Seeking Help With Configuring One-Way Connectivity

I work for an MSP and we use Icinga2 internally to monitor customer devices, including all workstations/notebooks.

~100 Notebooks are configured with one-way connectivity. The intention is that supported devices can communicate back to a WAN IP from anywhere.

I have configured the host check to be the built-in cluster-zone command. The hosts will almost never be pingable, a traditional ping host check wouldn’t work. All services are dependent on “Agent Health” where the command is cluster. I have enabled Active and Passive Checks, Notifications, and Event Handler. While devices are online, this works quite well.

The problems start when the device sleeps or is coming back online. We will immediately receive a notification for every service on the host right before they all recover. Sometimes the problem notifications and recoveries come at the same time. The issue is creating alarm fatigue in our techs :frowning:

Can anyone explain why this happens and how I can implement this without these notifications?

I’d really like to know if the “not connected” messages are from the notebook agent or from the satellite/parent. I need the statistics, and it must produce notifications for things like 100% full disks while users are working from home. I don’t care if we’re not getting results because the device is offline.

Thanks for any help!

Hi @XilityWorks ,
hm, that is probably going to be a tricky one. Icinga 2 ist pretty much built from/for a “server” setup, meaning having 24/7 connectivity, so this here is a bit unconventional.

First things first, you did configure Dependencies, did I read that right? Meaning a dependency on all Services if the connection to the Icinga Infrastructure fails.

How are you configuring this setup?
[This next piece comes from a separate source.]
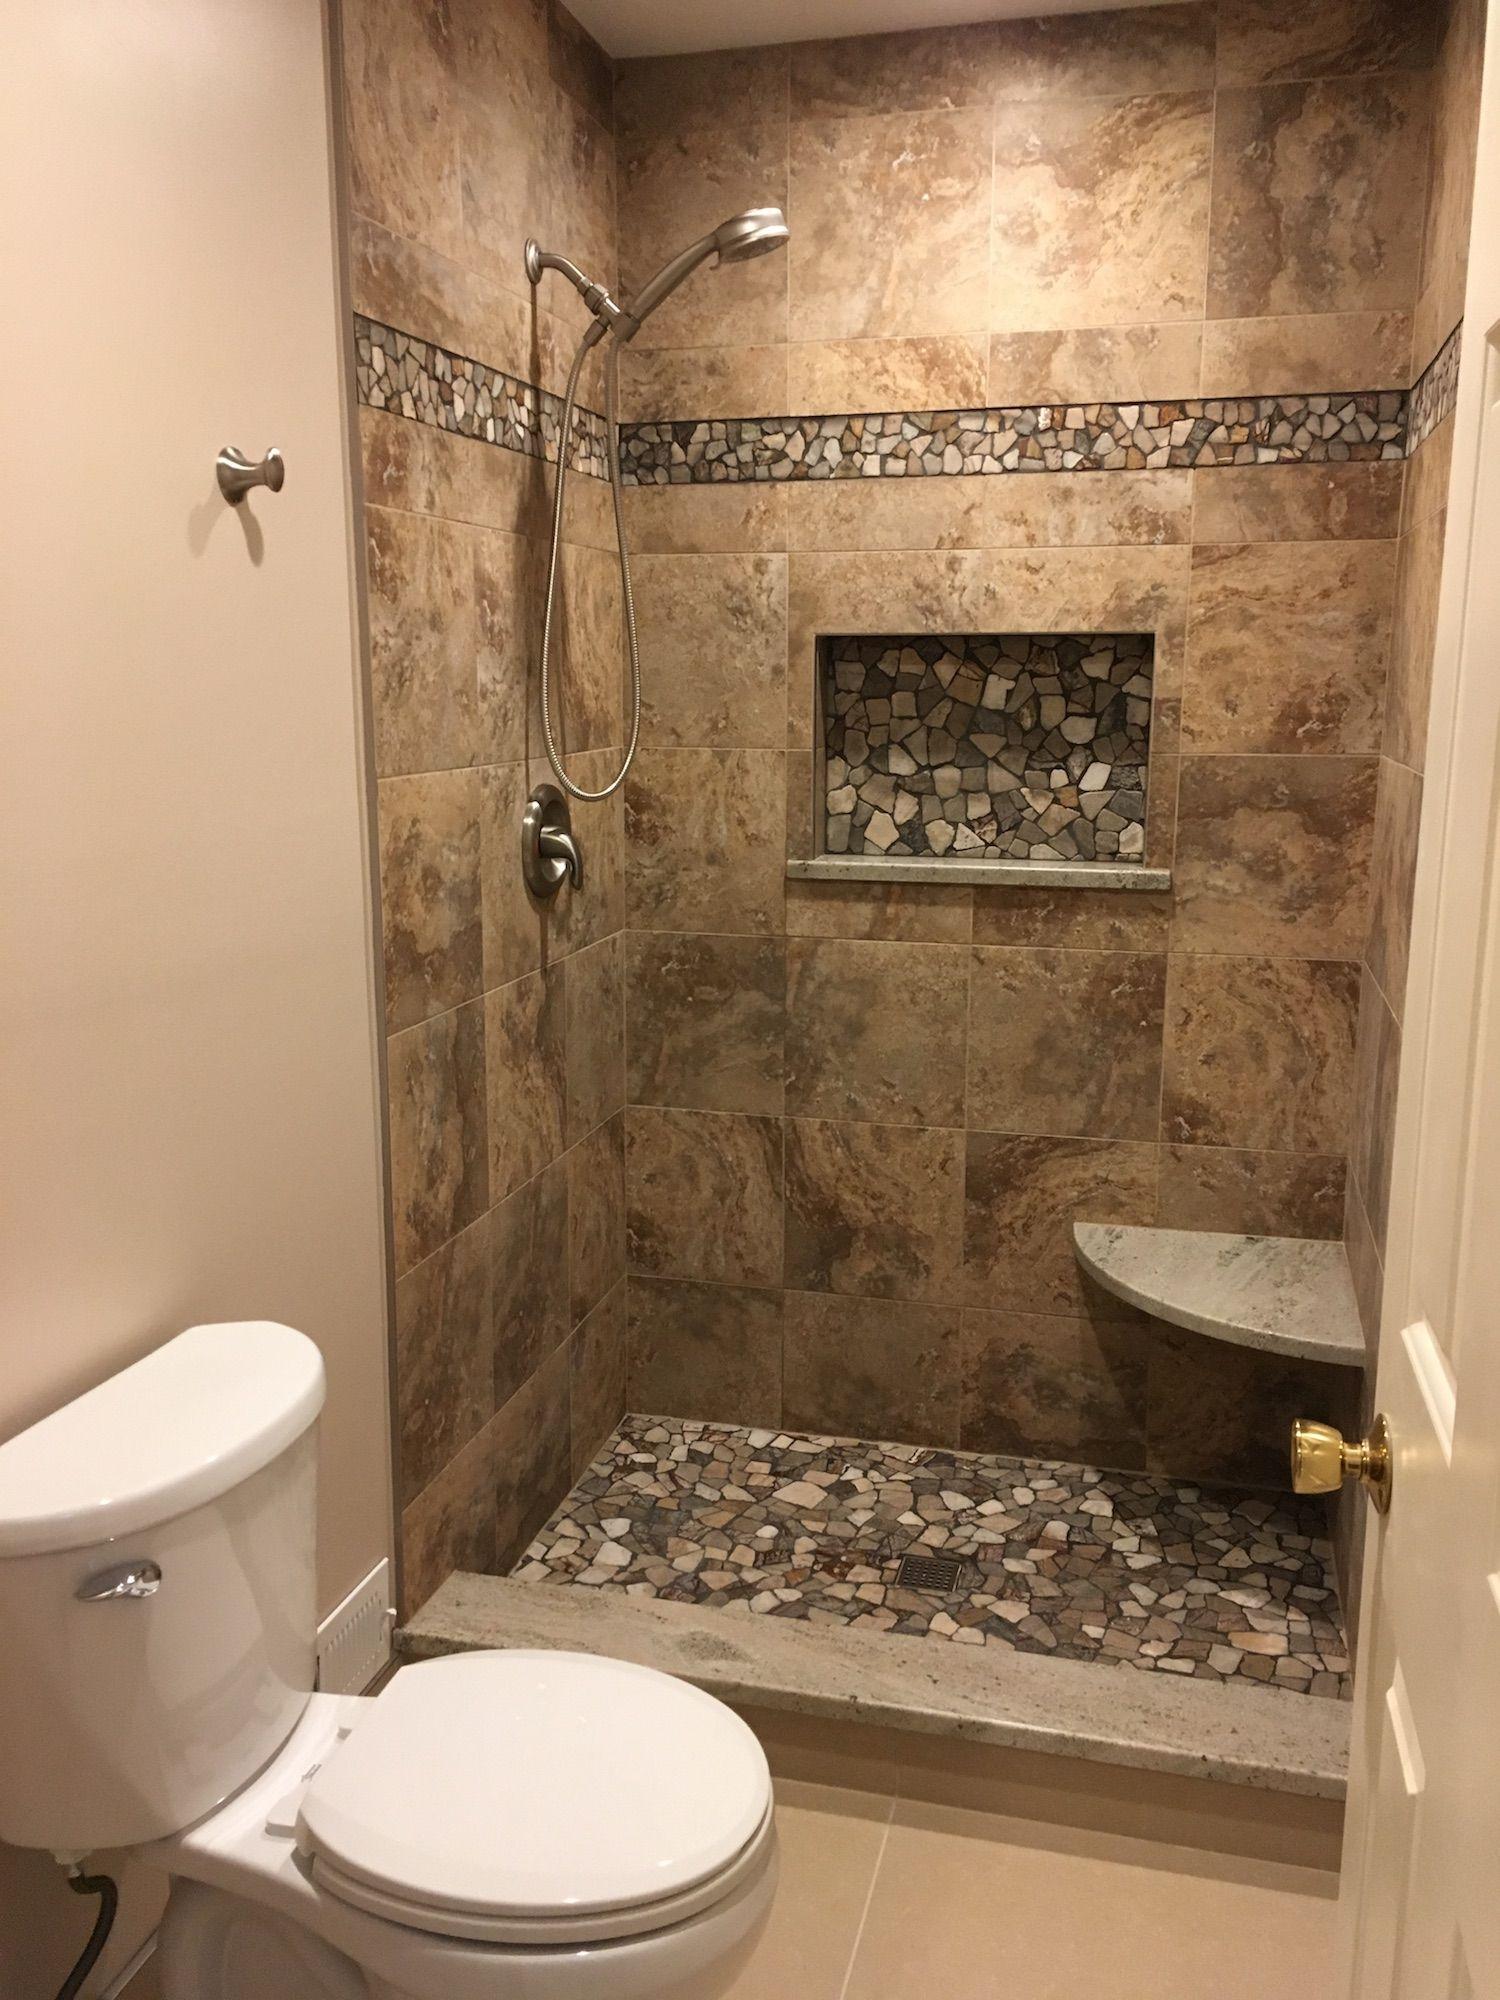 Designer Cabinets, Granite & Tile of Northeast Ohio | Clevelend Cabinates

Using the Icinga Director or plain text configuration?

Hi Wil,

I am not sure if the alerts seen on the console are the issue, or if the notifications (emails or other) are the issue, or both.

First, I would configure a small check period for the host, and a slightly longer period for the dependent services.

For the alerts on the console, I would setup a filter excluding the alerts for services related to hosts that are down, and the alerts that are not yet in a hard state.

For the notifications, I would setup a delay that guarantees the notification will only be sent for the ascertained failing checks.

My two cents,

Jean